Anecdotage #2 On the uses of despair

This morning Chris Hedges let loose another one of his doom-laden fusillades, this one about the grotesque bromance between the Trump and neo fascist Christian evangelicals as personified by Pat Robertson et al. He shows us an alternate US reality, followed by thirty million pissed off Americans that is, in shocking ways, a mirror image of the murderous Caliphate deliriously desired by the jihadists known variously as ISIS, DAESH, ISIL. In keeping with Hedges’ take no prisoners approach, he ends with a warning: If we do not act, American fascists, clutching Christian crosses, waving American flags and orchestrating mass recitations of the pledge of allegiance, united behind the ludicrous figure of Donald Trump, will ride this rage to power. If this were just one troubling article, I might cope. But it’s not. Right now, there’s a barrage of bad to downright horrible news that would send someone more optimistic than I am down the rabbit hole of despair. One of the most troubling, for me, is that we have already overshot the carrying capacity of our planet and can no longer assume that the worst of Climate Change, pollution, and the Sixth Extinction will, somehow, not happen until we’re safely dead. The WWF, not exactly a revolutionary body, recently published a massive document about the state of the planet that plunged me into an emotional abyss that I cannot crawl out of. Meanwhile, the powers at the root of our current crisis, Extreme Capitalism, flourish. I am in absolute Despair. And I welcome it.

Except that, wait a minute, isn’t Depair a bad thing? Something to be avoided at all costs? If you listen to the Scientific establishment, liberal politicians and old white men of prestige and power, like Al Gore and Obama, they will certainly insist that there’s still Hope. That we can, all evidence to the contrary, survive and even thrive in a world where the centre is not holding, where terrible things are slouching towards us even as we hide behind liberal slogans like HOPE! and our cushy western lifestyles. But there is always the Trump to blame, and Gore follows the herd here, as he always does. His so called inconvenient follow up to the first Inconvenient Truth moment back in 2006, is full of moral outrage and sentences like this: It is wrong to deny Hope to future generations, this is a moral crusade like the woman’s suffrage movement, etc etc.

There he is, eleven years later, doing what he’s always done: making us feel that at least some of the powers that be are on our side and fighting for us. They are doing everything they can. We can go home and live our lives; they will look after us and this problem called Climate Change. We don’t have to worry too much; they have it under control.

So, if we just get outraged enough, if we just believe enough, everything will work out, somehow. If you believe that, you’re a fool and a patsy. Because if there’s anything that is clear, it’s that men like Gore are simply shills for a system that is going to destroy humanity and the planet with every living thing on it.

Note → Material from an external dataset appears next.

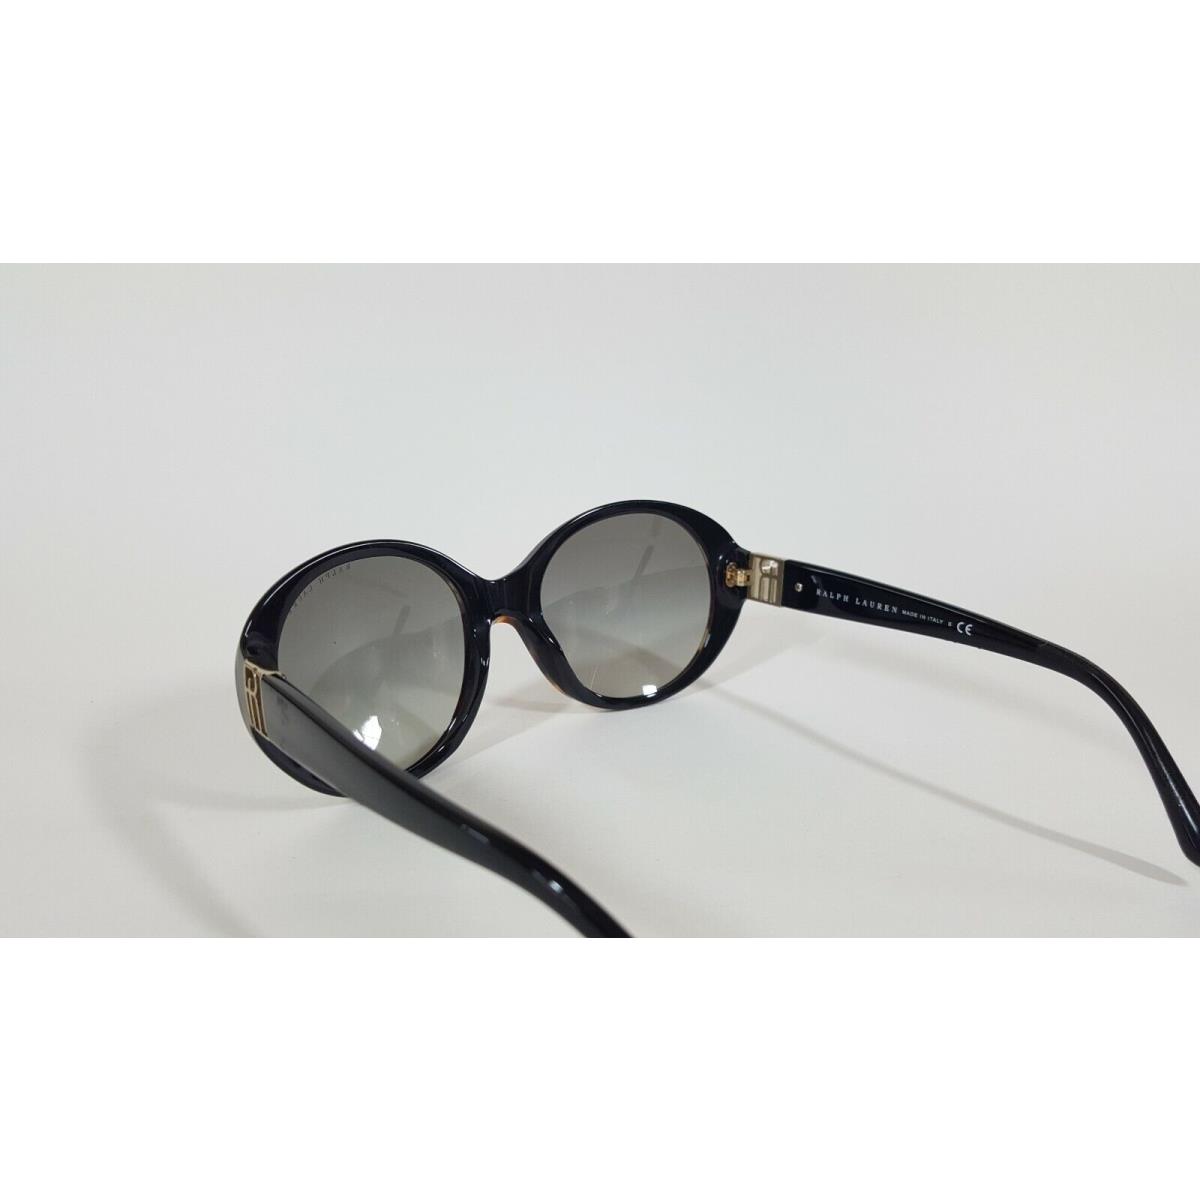 Ralph Lauren sunglasses  - Havana Honey Frame, Black Gradient Lens

He and his kind know very well that Despair is something to be avoided at all costs because as soon as someone is in its grip, you can’t manipulate them anymore. People in Despair no longer believe in your messages of Hope; they know better. They have embraced our terrible reality and learned to live with it. They are dangerous because they can see clearly and they have that thing called courage, the first of the virtues, the one without which all the others are moot. Despair makes you courageous in ways that Hope never can. Only Despair delivers a clear and present vision of what must be done. Only Despair shows the way forward in a time of dread. Only Despair delivers the courage to actually do and live your life differently. To take risks that would seem unaceptable to those living with eternal, false Hope. Just talk to the young voters who believed in Obama’s endless Hope messages. I sometimes wonder what happened to them. I imagine some have embraced Despair and become dangerously unpredictable revolutionaries. Some might have become simply depressed, living on medications. That is the danger, and it is one I am very aware of. I know I’m living on the edge of depression, but I have to take that risk.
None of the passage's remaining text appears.